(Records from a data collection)
____________

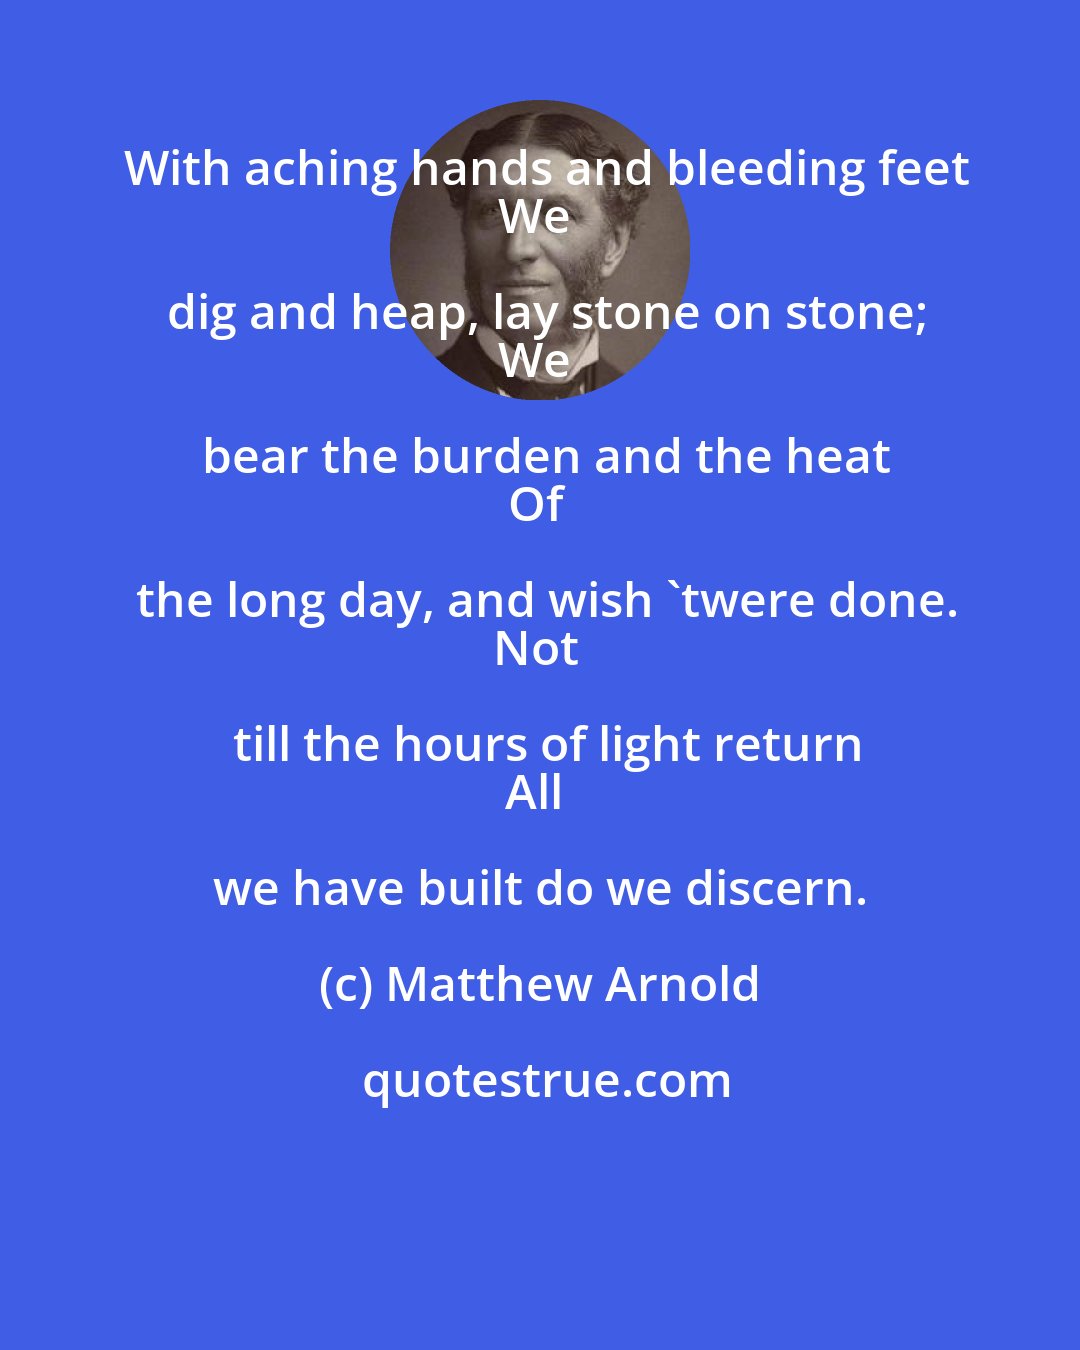 Matthew Arnold: With aching hands and bleeding feet
We dig and heap, lay stone on stone;
We bear the burden and the heat
Of the long day, and wish 'twere done.
Not till the hours of light return
All we have built do we discern.

____________

_Work instruction_
If an entry holds a picture, skip the picture and print the rest of the data exactly.

_Solution_
 Matthew Arnold: With aching hands and bleeding feet
We dig and heap, lay stone on stone;
We bear the burden and the heat
Of the long day, and wish 'twere done.
Not till the hours of light return
All we have built do we discern.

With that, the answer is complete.